Over the years, the Blog has had many, many posts related to the issue of whether Pennsylvania recognized any form of strict liability in product liability actions against prescription medical products.  In addition to the fact that several of the principal authors of the Blog have been Pennsylvania lawyers, Pennsylvania has long been one of the focal points of litigation against the manufacturers of these products and some of the non-Pennsylvania lawyers among us have also spent plenty of time litigating product liability cases in Pennsylvania courts.  Even though the rejection of strict liability in favor of negligence has been clear for decades (see here for some history), plaintiffs have often tried to get courts to give them a path to recovery that did not require a showing of negligent conduct by the defendant.  Indeed, when courts created a novel cause of action on appeal in Lance, it was connected to the rejection of strict liability design defect and warnings theories (and the prescribing physician’s testimony negating proximate cause for failure to warn).  Yet, the appellate courts stood firm that Pennsylvania did not have strict liability for claims against prescription drugs.    

In the decade since Lance, we have covered a number of developments on this issue, including the issue of whether implantable medical devices would get the same treatment.  See here, here, and here, among many posts.  This included the Third Circuit referring the direct issue to the Pennsylvania Supreme Court in Ebert.  However, Ebert resolved before the Pennsylvania Supreme Court ruled, leaving the debate alive.  It was not much of a debate, as the vast majority of state and federal courts to consider the issue treated prescription implantable medical devices like prescription drugs and refused to extend strict liability to them.  The stubborn minority got started with a really bad decision from the Western District of Pennsylvania in a pelvic mesh case called Schrecengost, discussed here, which was followed in a handful of other pelvic and hernia mesh cases in federal courts over the next few years.  Why should cases involving surgical mesh, a prescription implantable medical device, get singled out for special treatment when it comes to Pennsylvania law?  There is no legal reason why they should.

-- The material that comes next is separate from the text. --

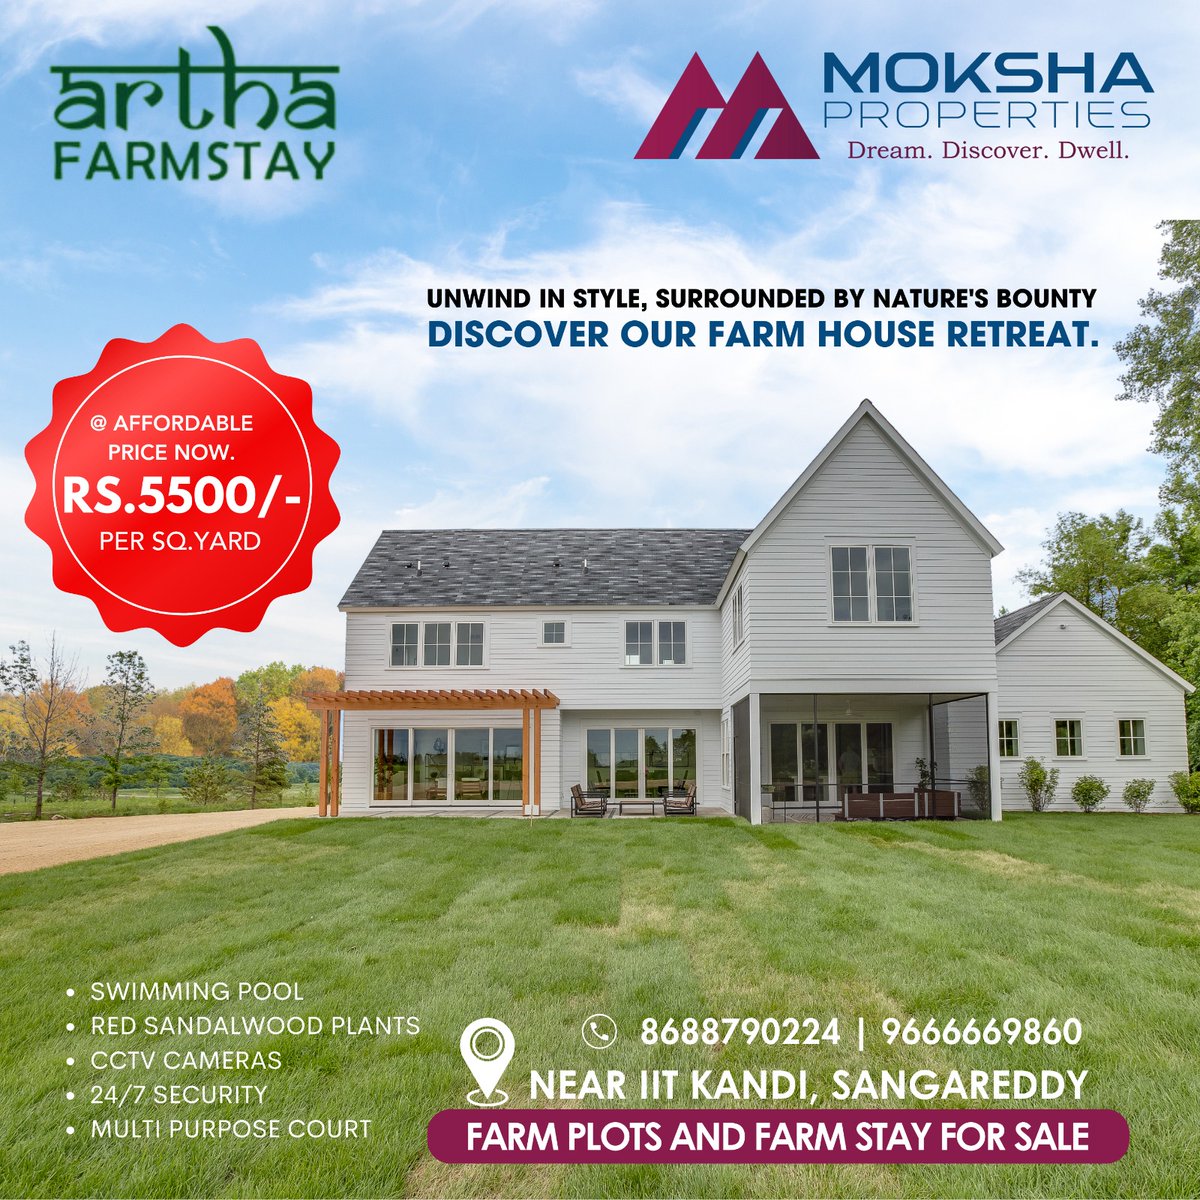 Escape the hustle and bustle of the city and immerse yourself in the tranquility of our farm stay and farmhouse retreat!

#mokshaproperties #FarmhouseForSale #TranquilLiving #AffordableLuxury #residentialplotsforsalenearme #openlandforsalenearme #commercialplotforsalenearme

Almost a year ago, in a hernia mesh case pending in the Middle District of Pennsylvania, the Magistrate Judge issued a report and recommendation that, among other things, predicted that the Pennsylvania Supreme Court would reject strict liability by applying comment k to implantable medical devices.  Douglas v. Atrium Med. Corp., No. 3:23-CV-0747, 2023 WL 8643638 (M.D. Pa. Dec. 11, 2023).  When that R&R identified contrary authority, it cited two surgical mesh decisions from Pennsylvania federal courts (one discussed here), each of which relied heavily on Schrecengost.  Despite its prediction that the strict liability claims were not viable, it noted what it thought was a still pending certified question in Ebert—the case had actually resolved much earlier, see Ebert v. C.R. Bard, Inc., 2021 WL 9950511 (3d Cir. Nov. 10, 2021)—and offered recommendations for outcomes other than dismissal with prejudice.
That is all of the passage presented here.